Excellence is part of us! Krka is one of the leading generic pharmaceutical companies worldwide. We appreciate the knowledge and promote creativeness. We provide optimum working conditions. Creativity is our way of life and excellence is part of us.

KRKA Belgium would like to invite to our team

REGULATORY ASSOCIATE

Search parameters:

  • Education: University degree in preferably pharmaceutical Sciences (B. Sc./M. Sc.).
  • Experience: Junior level
  • Languages: Proficiency in Dutch and English. Very good understanding of written French and written German.
  • The ability to produce high-quality product information (PI) texts.
  • Strong linguistic skills and the ability to translate between English, French, German or Dutch.
  • Ability to work effectively in a highly regulated field.
  • Ability to put attention to detail also in routine work.
  • The candidate should be able to prioritize and work effectively also under time pressure.
  • Excellent PC use skills with regard to Word-processing, spreadsheets, database applications, and the internet. The work includes text editing.

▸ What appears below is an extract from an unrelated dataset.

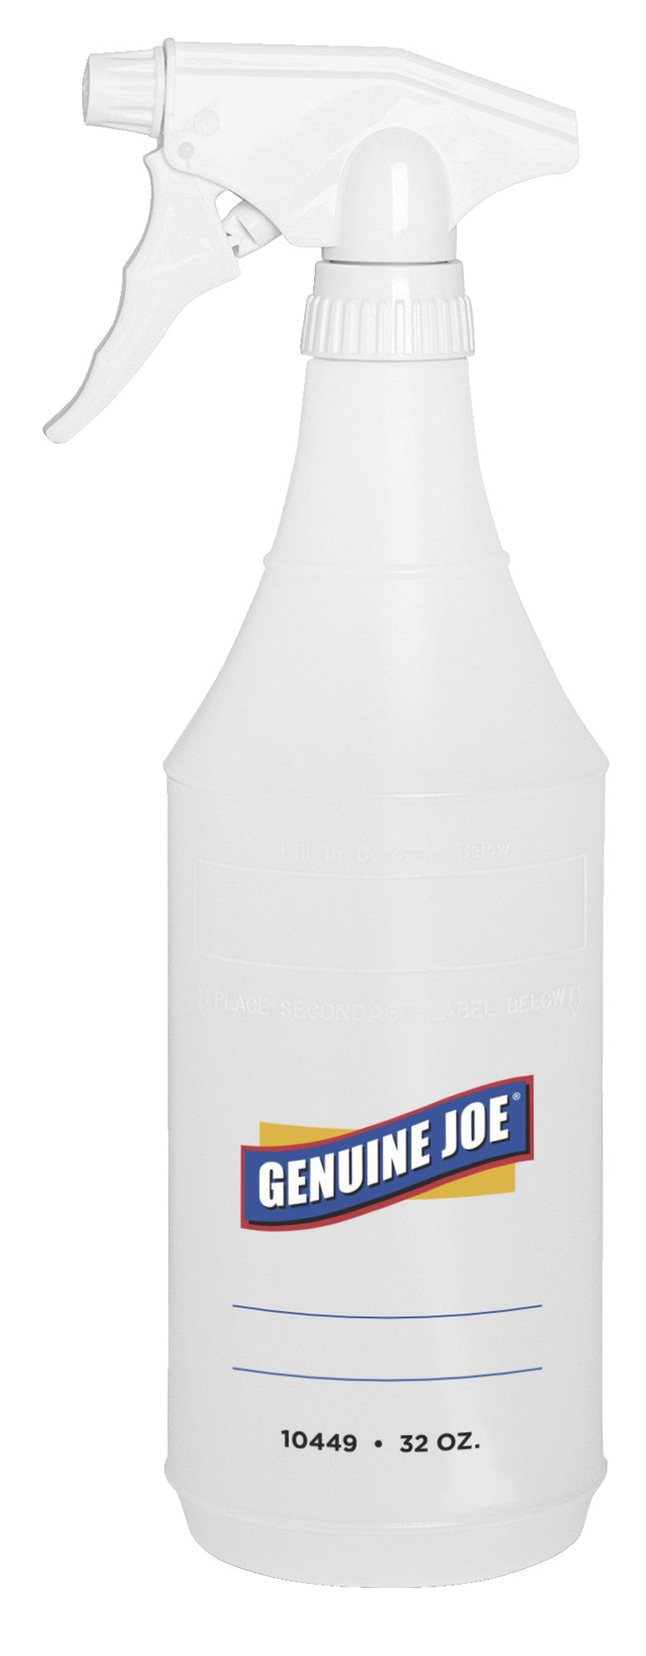 Genuine Joe Spray Bottle with Trigger Adjustable Spray, Item Number 1310451

    • After initial training the major working assignments would be:

  • Your main task will be producing, maintaining, and editing PI texts.
  • Supporting regulatory processes on the local level in close cooperation with Deputy Director for area Regulatory Affairs. This includes the preparation of translations and ensuring their timely submission, regularly interacting with local authorities and Krka colleagues regarding product-related activities, and providing supplemental information for ongoing procedures.
  • Verification and approval of artworks according to the last approved PI.
  • Ensuring compliance with local regulatory requirements and Krka’s policies and standard operating procedures in the fields of Regulatory Affairs, Good Distribution Practice, Pharmacovigilance, and Publicity and Information.
  • Adequately supporting other functions to enable compliance in areas related to regulatory affairs.
  • Be constantly updated on relevant EU and local regulations and guidelines.
  • Handling customer complaints and other quality tasks.
  • Maintaining a positive relationship with internal and external regulatory contacts and other stakeholders.

    • Please send your CV with a motivational letter attached via LinkedIn. We are looking forward to your applications.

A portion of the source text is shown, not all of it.